Алекс подняла бокал:

– Выпьем за правду!

– И за красоту, – ответила Памела.

Они выпили.

– Я – воплощение правды, а ты – красоты, – задумчиво проговорила Алекс. – Шампанское уже начало оказывать свое действие… Так что будь осторожнее. Красота привлекает внимание воров сильнее, чем блеск золота.

– Кто это сказал?

– Шекспир.

– Алекс! Неудивительно, что ты отпугиваешь мужчин!

– А что плохого в поэзии?

– Ничего – если это к месту. – Голос Памелы зазвучал неуверенно. – А у тебя был мужчина?

– Нет.

– Зато уж у твоей матери! У нее любовников было до чертиков!

– Я никого из них не знаю, кроме Рика Стивенса.

– Киноактера? Мне казалось, он будет целую вечность на экране. Но он так быстро и резко постарел, так незаметно ушел в тень.

– Еще один образчик фальшивки. Он ведь извращенец…

– У тебя такой беспощадный глаз, – Памела покачала бокалом. – Не все мужчины порочны.

– А я этого и не утверждала. – И, помолчав, Алекс спросила тоже не очень уверенным тоном: – А сколько их у тебя было?

– После… отеля «Плаза» у меня появился фотограф. Потом инструктор по горным лыжам… Потом был дивный француз. После него мне сделал предложение Фриц… А вот потом… Нет, пожалуй, не стоит вспоминать – обязательно перепутаю, кто за кем шел. А когда появился Крис… у меня уже никого не было, кроме Криса.

Алекс снова уткнулась носом в бокал с шампанским:

– А что произошло между Максом и Морой? Мне казалось, их связь более или менее крепкая.

– Нет. Это Море хотелось, чтобы так было. Но не Максу. Знаешь, она ревновала его к тебе постоянно.

– Ты с ума сошла! Ревновала ко мне?!

– Нет, серьезно. Все время устраивала ему сцены. Она чувствовала, что между вами что-то большее, чем просто дружба.

– Но ведь это не так, – покачала головой Алекс. – Макс не обращает на меня ни малейшего внимания. – Она процедила эту фразу сквозь зубы. – У Макса такое чувство красоты, он так требователен в вопросах секса… Он в некотором роде профи в этой области. Как-то он признался мне, что работать в индустрии косметики – для него как бы приз. Он получает от этого удовольствие.

«Ага! – подумала Памела, уловив горечь, прозвучавшую в голосе Алекс. – Так вот где собака зарыта».

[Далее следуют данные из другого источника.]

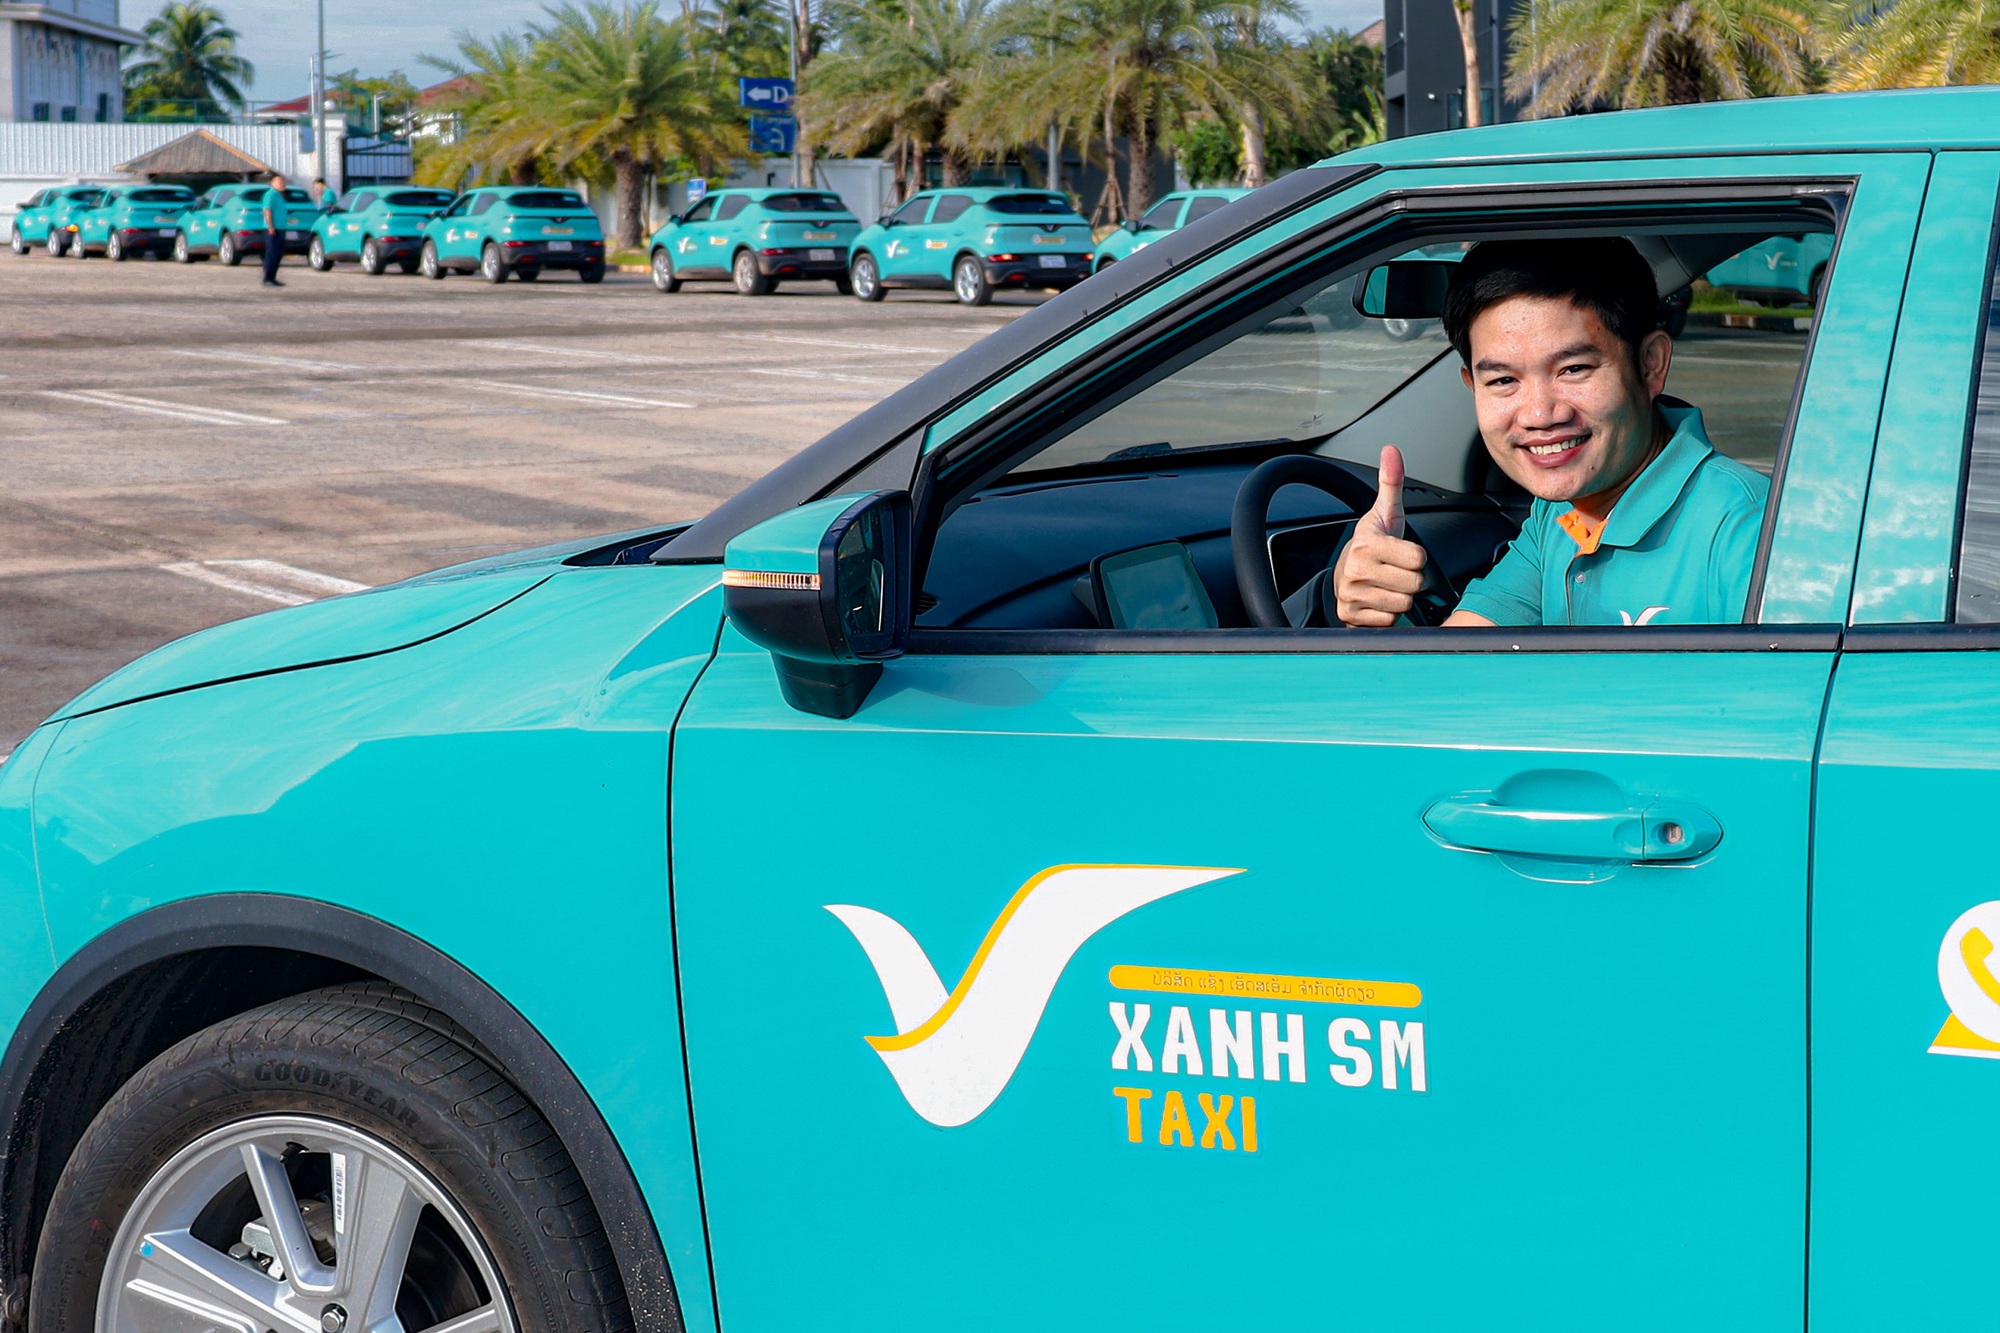 Taxi điện Xanh SM khai trương dịch vụ tại Lào, hướng ra thị trường Đông Nam Á - Ảnh 2.

– Мы с ним всегда были друзьями. Только друзьями и никем более. – Алекс повторила это как заклинание, как магическую защитную формулу.

«Но тебе очень бы хотелось изменить это», – снова подумала Памела:

– Что ж, – усмехнулась она. – Я только сказала то, что видела со стороны. В любом случае теперь ее место свободно.

– Потому что она дура. Потрясающе красивая, но тщеславная, жадная и глупая.

Памела подняла бокал:

– За Мору. – Памела усмехнулась. – Я знаю, ты считаешь, что я пьяна.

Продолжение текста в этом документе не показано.